Third, we suggest that studies about microbial biodiversity should be conducted in highly heterogenous environments. Microorganism dispersal is largely driven by both abiotic and biotic factors, and microbes are readily able to adapt and survive in a variety of environments. Indeed, studies conducted in homogeneous environments and within small spatial scales often reveal that either microorganisms are randomly distributed, or the weakness of environmental effects and dispersal limitations fail to indicate any non-random patterns in these region (Meyer et al., 2018; Liu et al., 2020). We believe it is easier to observe the spatial distribution pattern of microorganisms on large scales with high environmental heterogeneity.
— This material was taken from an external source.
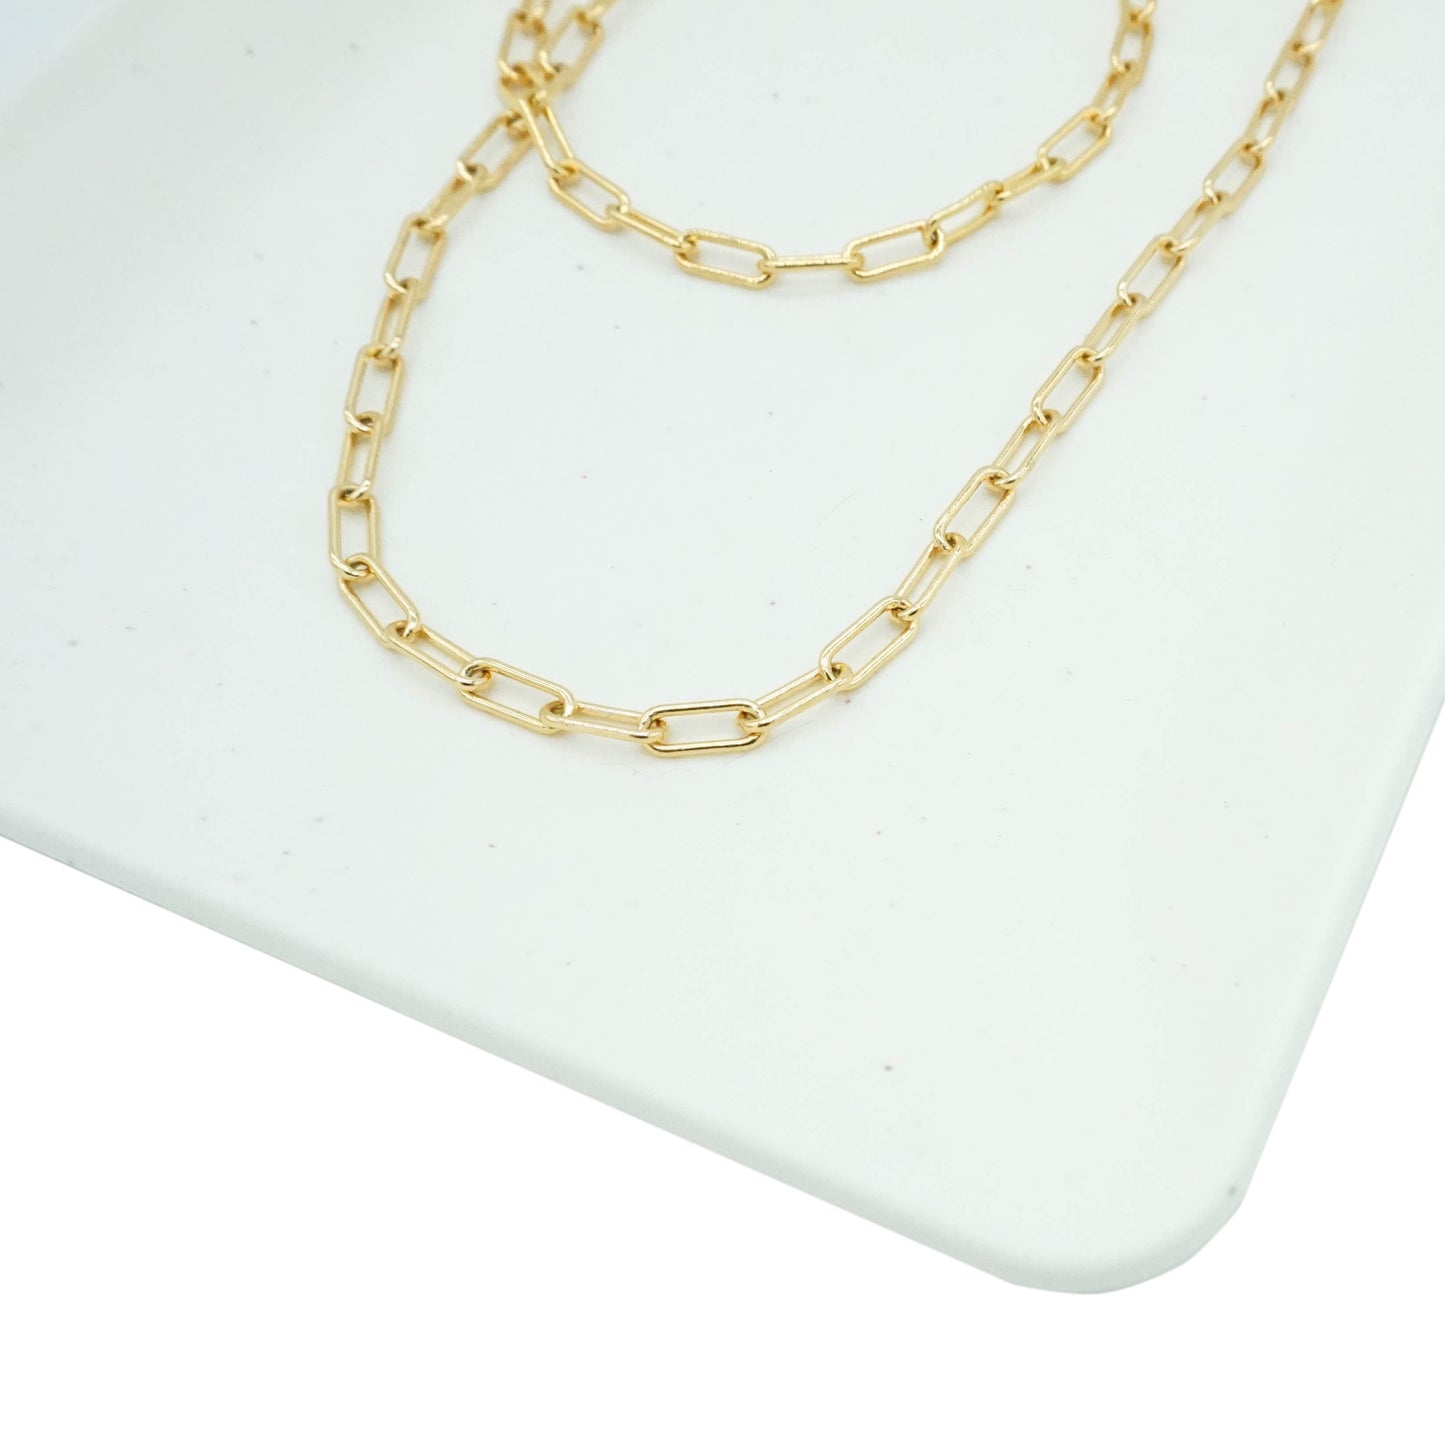 Gold Chain Necklace - GOLDEN HOUR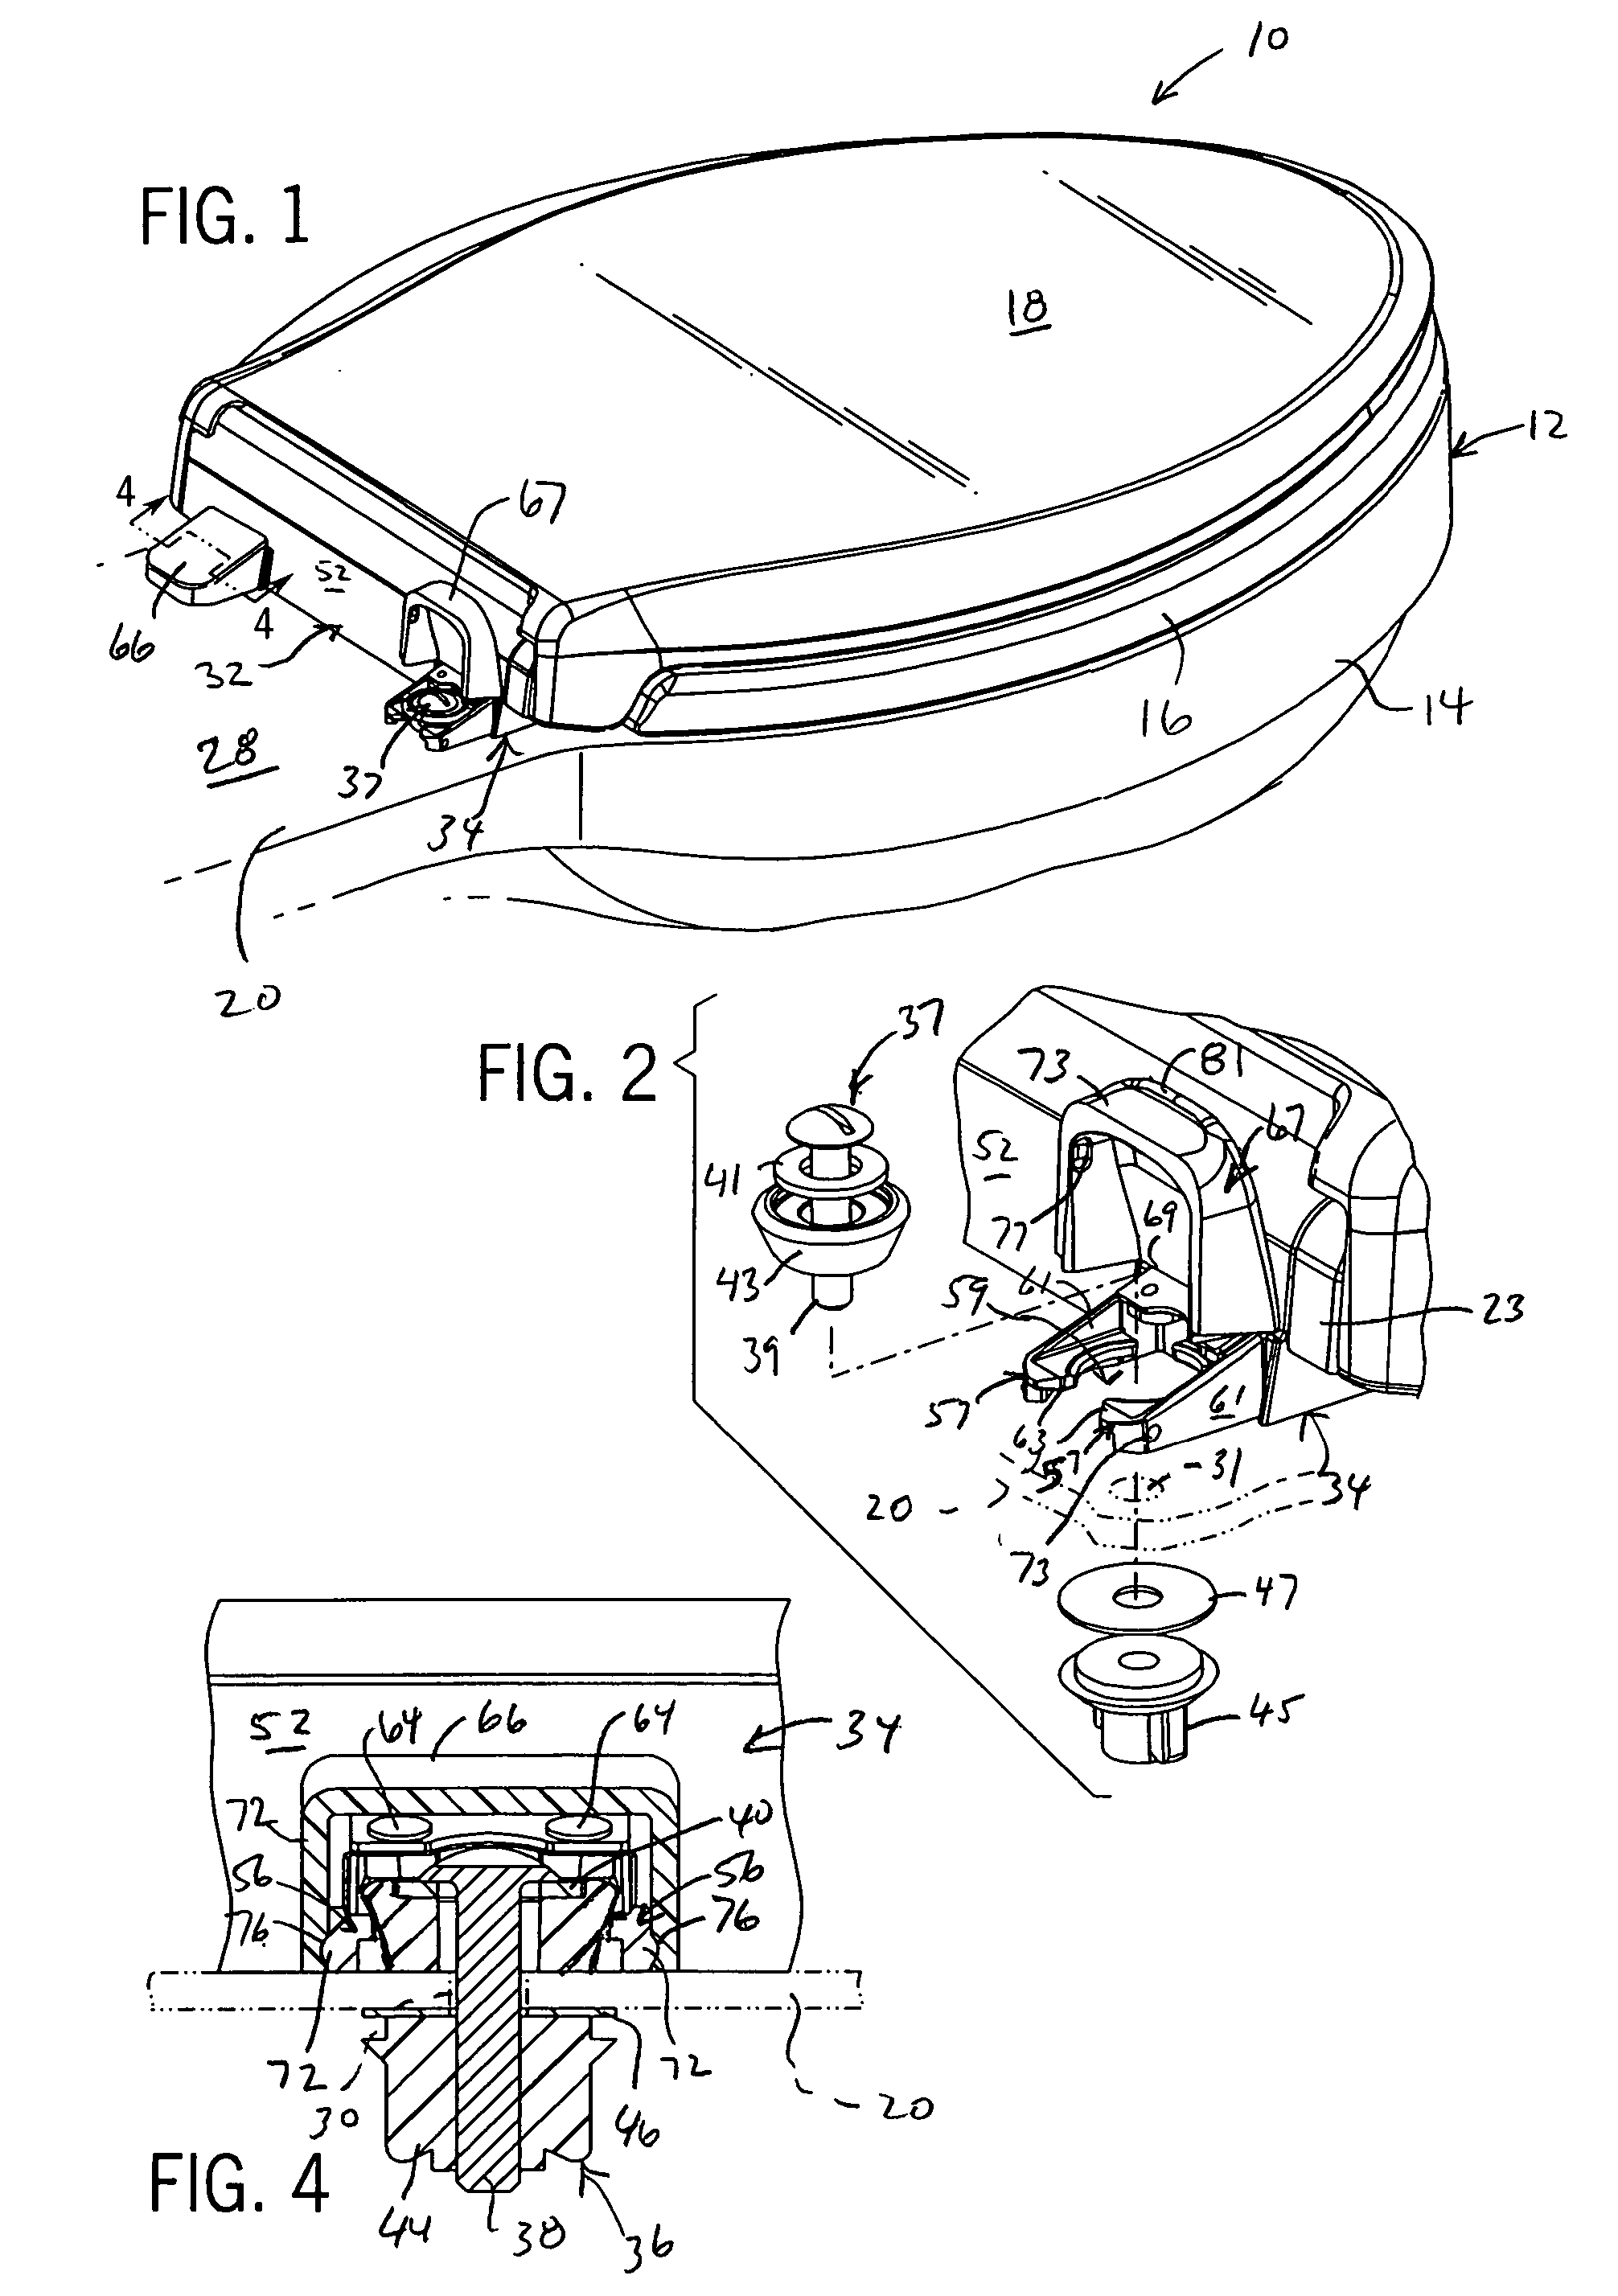 Releasable toilet seat assembly

Consequently, we conducted this research in Yunnan Province, China, which holds six major international rivers belonging to the Pacific and Indian Ocean systems. The watersheds were largely shaped by the collision of the Indian Ocean and Eurasian plates, with the formation of the Qinghai-Tibet Plateau. The spatial heterogeneity in Yunnan is very high, given that mountainous areas occupy 88.6% of the province.. Using the stratified sampling method, we collected 2,250 specimens from 228 sites in Yunnan Province (Figure 1, 2). We combined pure culture and molecular methods to investigate how common and rare Nematode-Trapping Fungi (NTF, a cultivable microbial group consisting of 99 known species ) taxa are spatially distributed across Yunnan. By doing so, we aim to verify our three proposed recommendations regarding 1) using watersheds as the research units, 2) removing the coverup of widespread species, and 3) stratified sampling from heterogenous environments, to overcome the challenges of microbial biodiversity research and to test our hypothesis that the microbial biogeographic patterns could be found in the perspective of watersheds.